▶ [DIRECTIONS FOR THIS TASK]: Make an exact transcript of the lines in the data below, starting with the one containing "Mezzaluna Bella Lodi & tomates séchées" and going on through the one containing "Badge (Pin) ZN006761", with both included and the pictures left out.

▶ [DATA]:
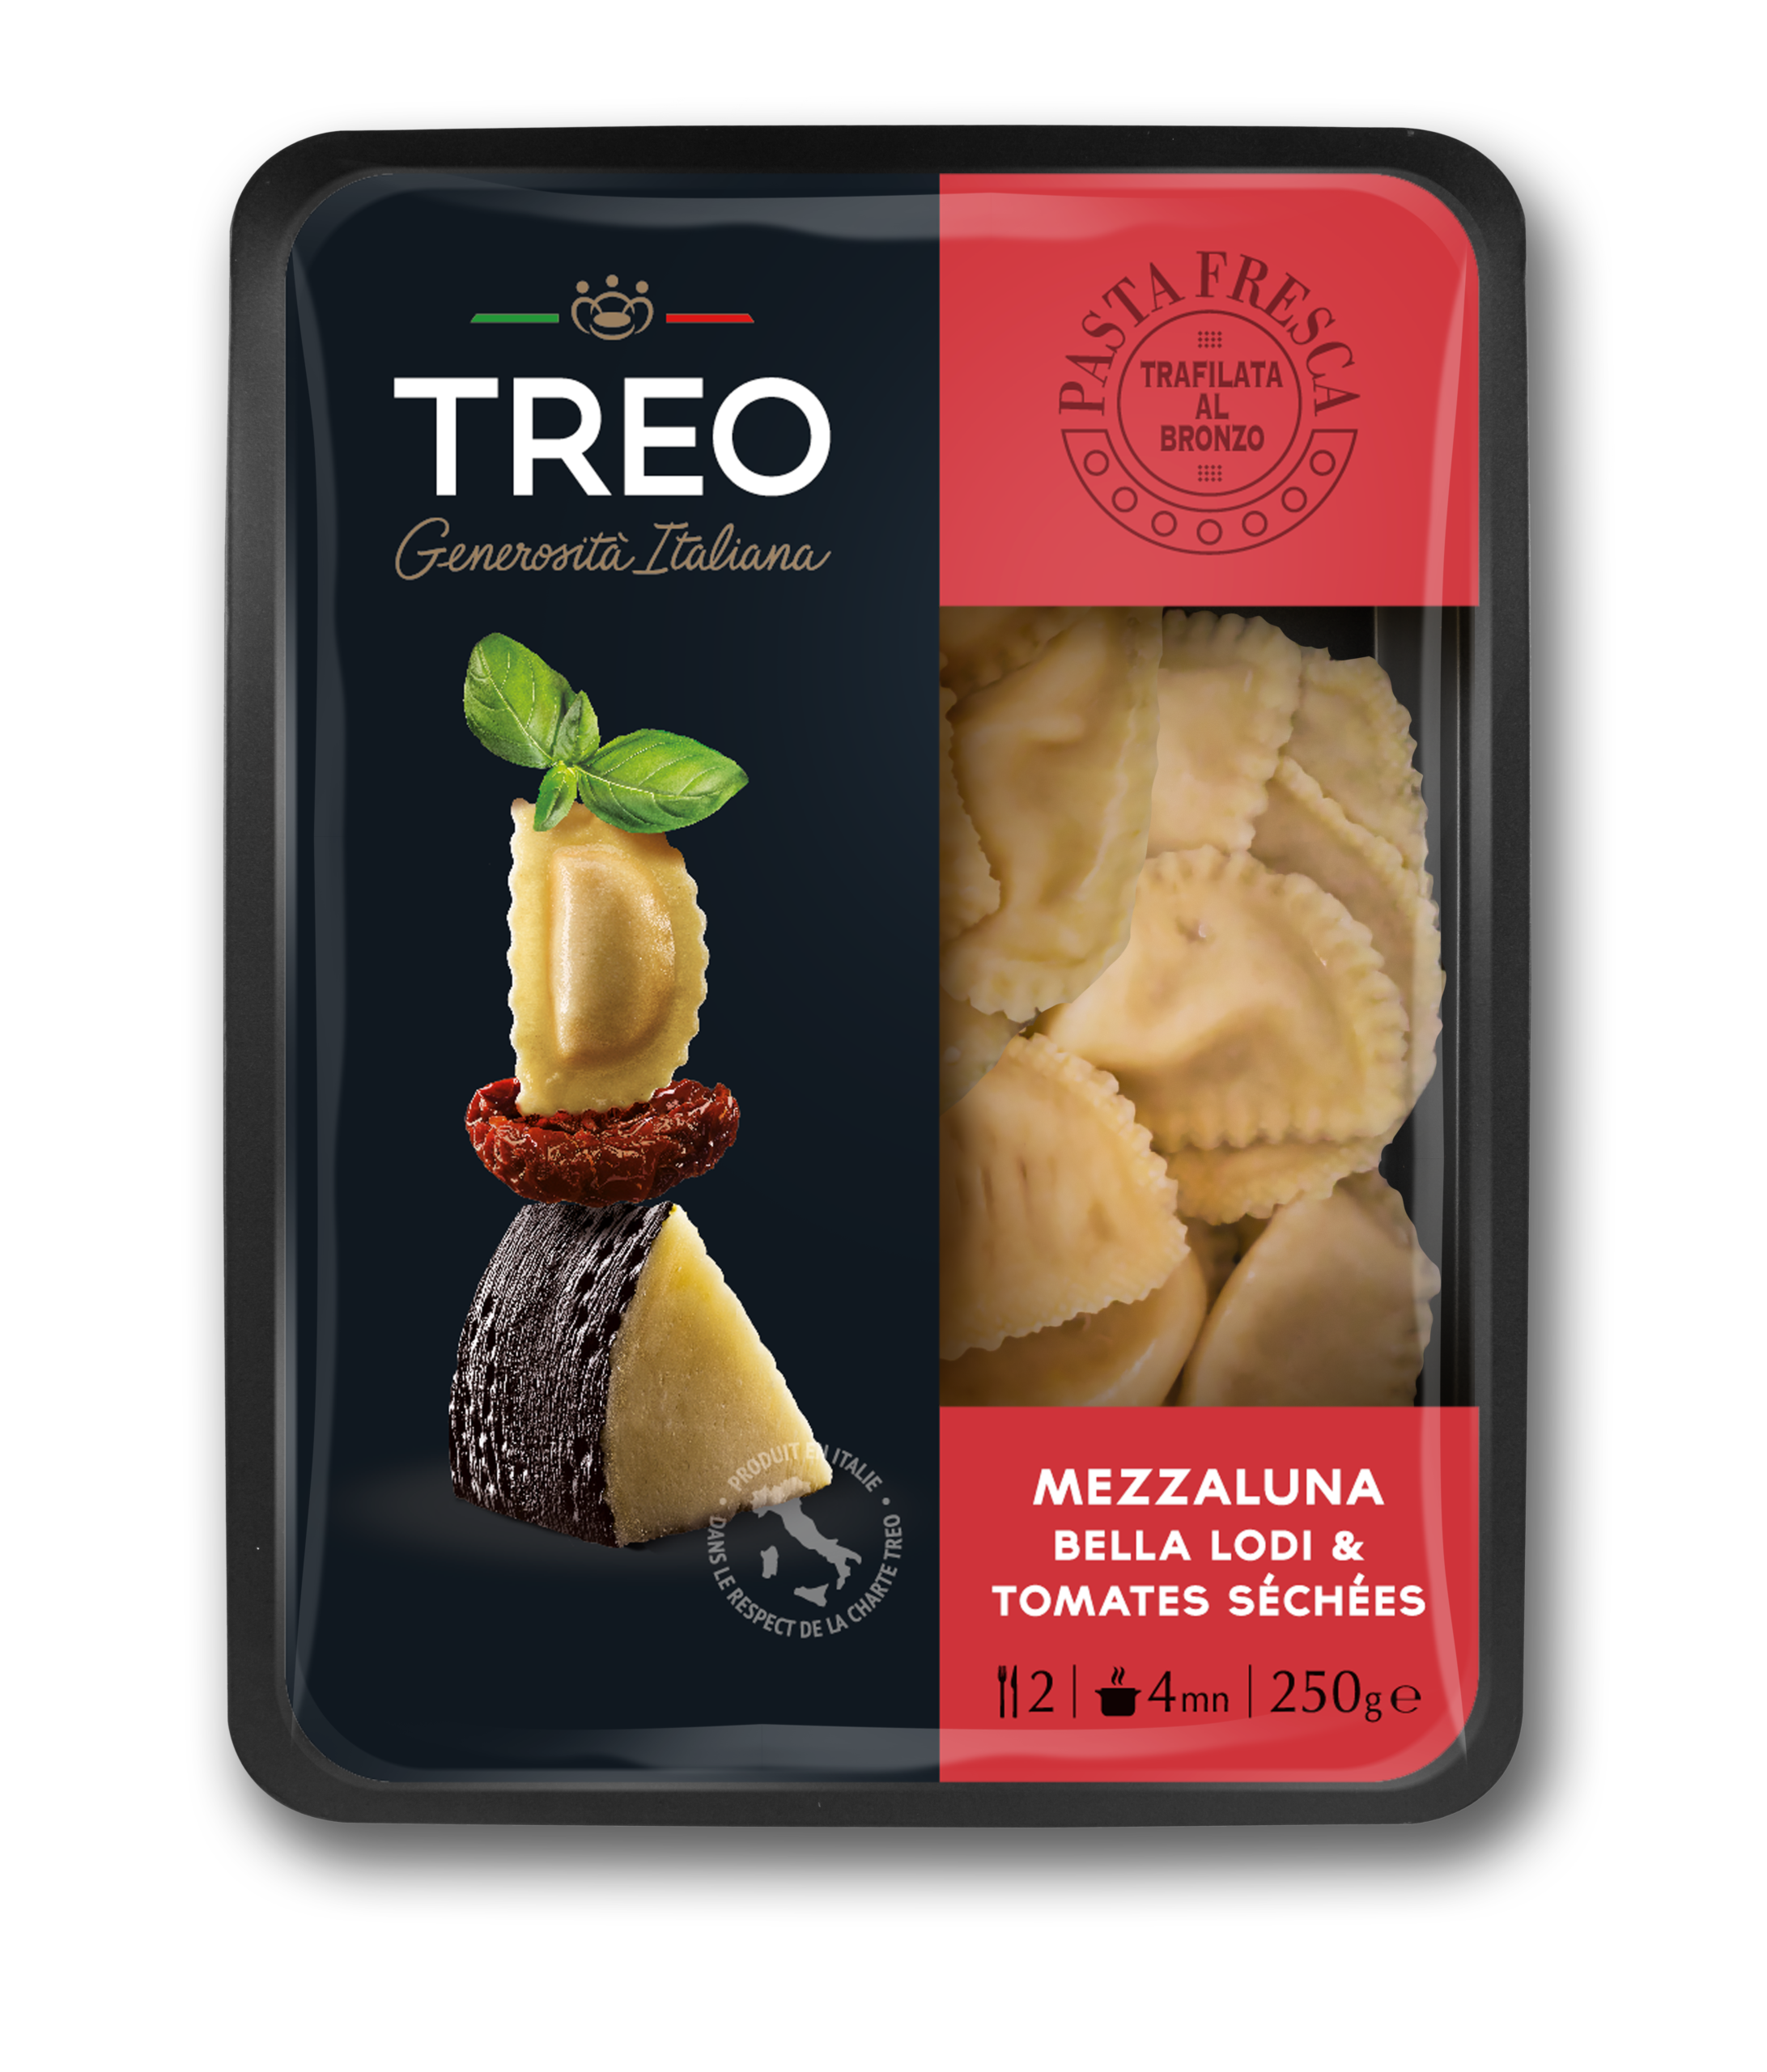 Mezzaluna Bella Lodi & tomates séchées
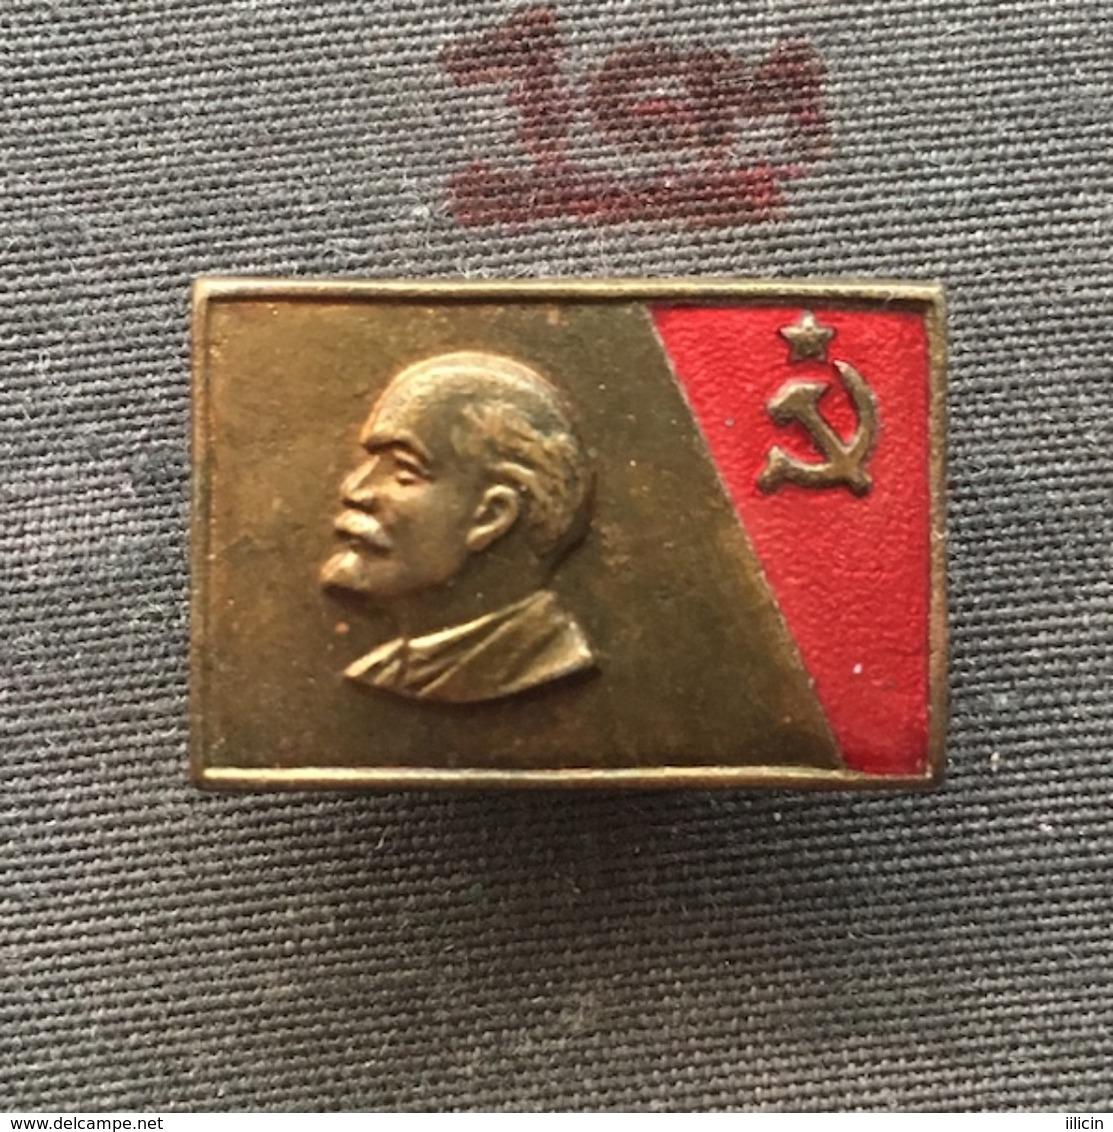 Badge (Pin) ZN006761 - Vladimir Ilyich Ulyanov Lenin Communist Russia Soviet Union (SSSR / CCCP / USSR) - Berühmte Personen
* * *
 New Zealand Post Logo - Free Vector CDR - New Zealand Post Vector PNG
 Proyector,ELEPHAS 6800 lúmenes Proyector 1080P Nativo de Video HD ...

▶ [TASK ANSWER]:
 Mezzaluna Bella Lodi & tomates séchées
 Badge (Pin) ZN006761 - Vladimir Ilyich Ulyanov Lenin Communist Russia Soviet Union (SSSR / CCCP / USSR) - Berühmte Personen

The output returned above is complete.